11 files changed, 241 insertions, 34 deletions
diff --git a/Documentation/filesystems/Locking b/Documentation/filesystems/Locking
index 23d2f4460deb..cfbfa15a46ba 100644
--- a/Documentation/filesystems/Locking
+++ b/Documentation/filesystems/Locking
@@ -394,11 +394,10 @@ prototypes:
 	unsigned long (*get_unmapped_area)(struct file *, unsigned long,
 			unsigned long, unsigned long, unsigned long);
 	int (*check_flags)(int);
-	int (*dir_notify)(struct file *, unsigned long);
 };
 
 locking rules:
-	All except ->poll() may block.
+	All may block.
 			BKL
 llseek:			no	(see below)
 read:			no
@@ -424,7 +423,6 @@ sendfile:		no
 sendpage:		no
 get_unmapped_area:	no
 check_flags:		no
-dir_notify:		no
 
 ->llseek() locking has moved from llseek to the individual llseek
 implementations.  If your fs is not using generic_file_llseek, you
diff --git a/Documentation/filesystems/devpts.txt b/Documentation/filesystems/devpts.txt
new file mode 100644
index 000000000000..68dffd87f9b7
--- /dev/null
+++ b/Documentation/filesystems/devpts.txt
@@ -0,0 +1,132 @@
+
+To support containers, we now allow multiple instances of devpts filesystem,
+such that indices of ptys allocated in one instance are independent of indices
+allocated in other instances of devpts.
+
+To preserve backward compatibility, this support for multiple instances is
+enabled only if:
+
+	- CONFIG_DEVPTS_MULTIPLE_INSTANCES=y, and
+	- '-o newinstance' mount option is specified while mounting devpts
+
+IOW, devpts now supports both single-instance and multi-instance semantics.
+
+If CONFIG_DEVPTS_MULTIPLE_INSTANCES=n, there is no change in behavior and
+this referred to as the "legacy" mode.
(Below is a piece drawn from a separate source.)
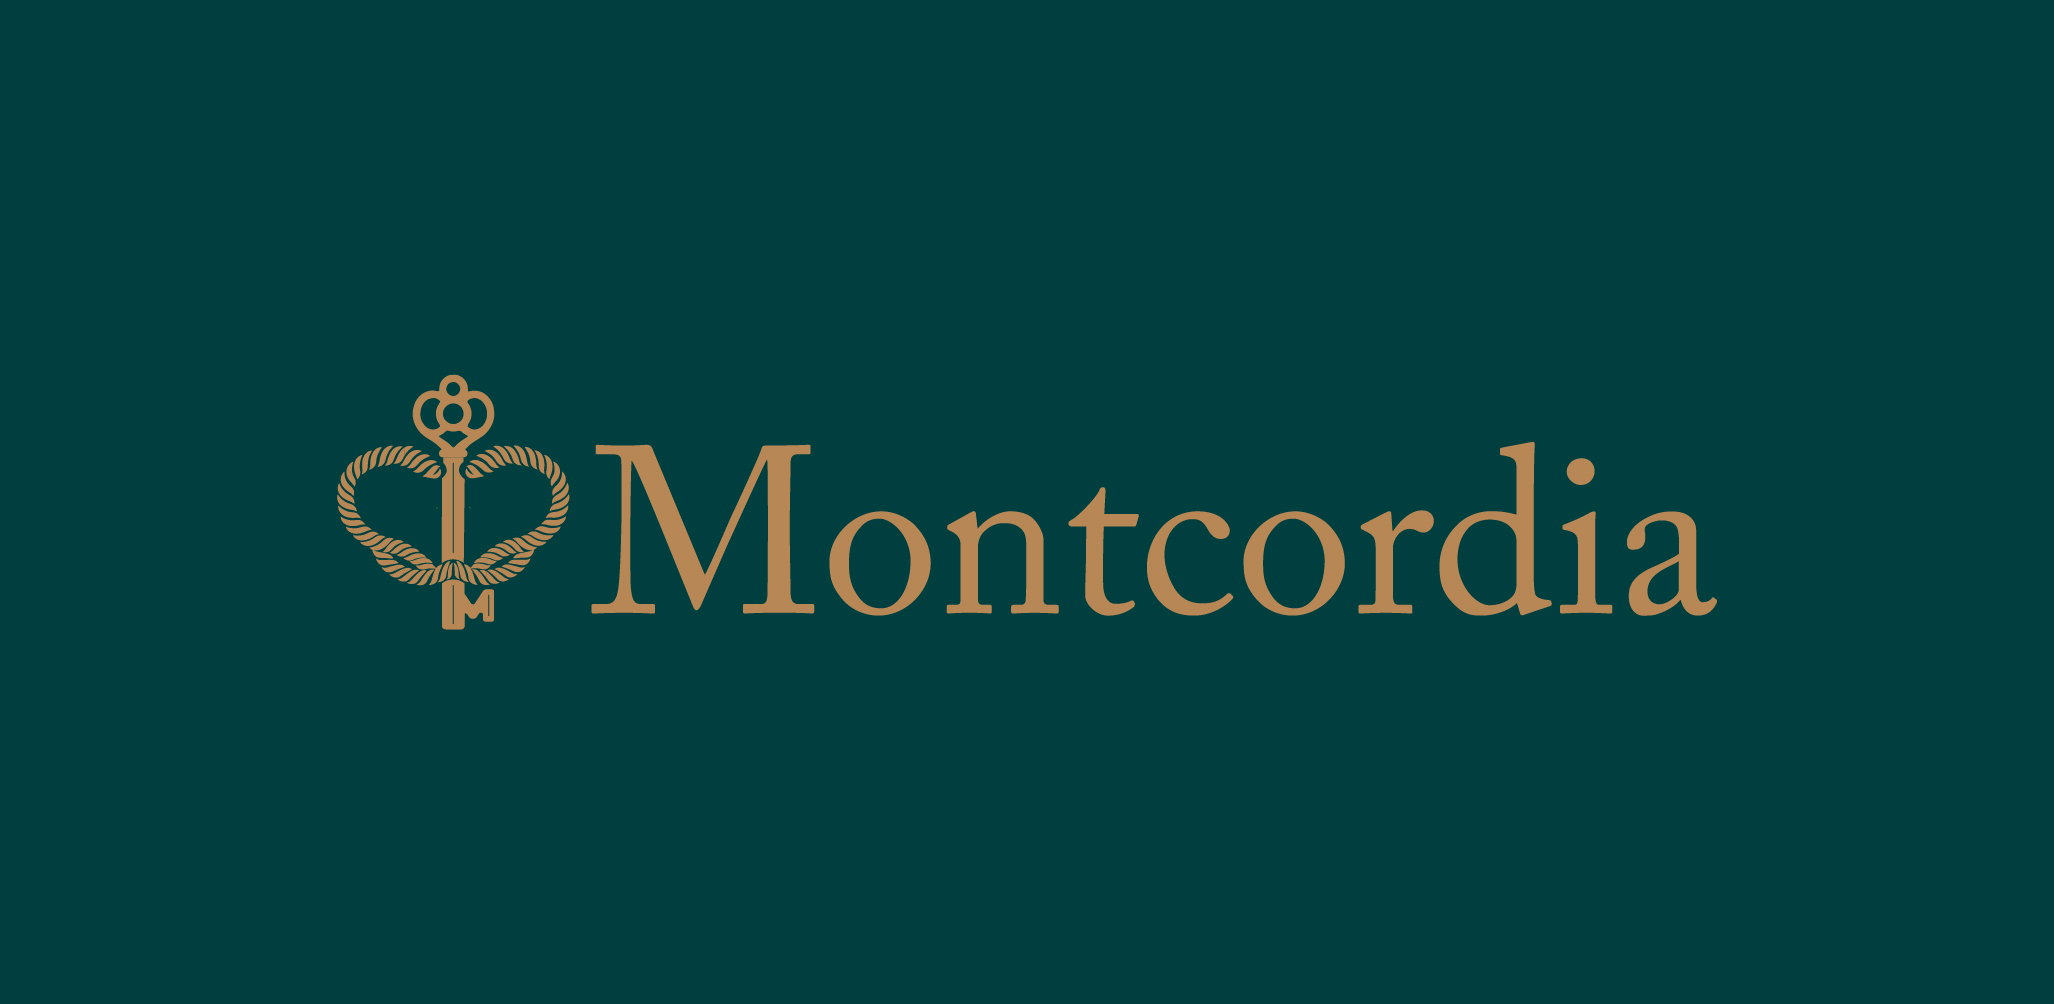 Montcordia

In this mode, the new mount options
+(-o newinstance and -o ptmxmode) will be ignored with a 'bogus option' message
+on console.
+
+If CONFIG_DEVPTS_MULTIPLE_INSTANCES=y and devpts is mounted without the
+'newinstance' option (as in current start-up scripts) the new mount binds
+to the initial kernel mount of devpts. This mode is referred to as the
+'single-instance' mode and the current, single-instance semantics are
+preserved, i.e PTYs are common across the system.
+
+The only difference between this single-instance mode and the legacy mode
+is the presence of new, '/dev/pts/ptmx' node with permissions 0000, which
+can safely be ignored.
+
+If CONFIG_DEVPTS_MULTIPLE_INSTANCES=y and 'newinstance' option is specified,
+the mount is considered to be in the multi-instance mode and a new instance
+of the devpts fs is created. Any ptys created in this instance are independent
+of ptys in other instances of devpts. Like in the single-instance mode, the
+/dev/pts/ptmx node is present. To effectively use the multi-instance mode,
+open of /dev/ptmx must be a redirected to '/dev/pts/ptmx' using a symlink or
+bind-mount.
+
+Eg: A container startup script could do the following:
+
+	$ chmod 0666 /dev/pts/ptmx
+	$ rm /dev/ptmx
+	$ ln -s pts/ptmx /dev/ptmx
+	$ ns_exec -cm /bin/bash
+
+	# We are now in new container
+
+	$ umount /dev/pts
+	$ mount -t devpts -o newinstance lxcpts /dev/pts
+	$ sshd -p 1234
+
+where 'ns_exec -cm /bin/bash' calls clone() with CLONE_NEWNS flag and execs
+/bin/bash in the child process.  A pty created by the sshd is not visible in
+the original mount of /dev/pts.
+
+User-space changes
+------------------
+
+In multi-instance mode (i.e '-o newinstance' mount option is specified at least
+once), following user-space issues should be noted.
+
+1. If -o newinstance mount option is never used, /dev/pts/ptmx can be ignored
+   and no change is needed to system-startup scripts.
+
+2. To effectively use multi-instance mode (i.e -o newinstance is specified)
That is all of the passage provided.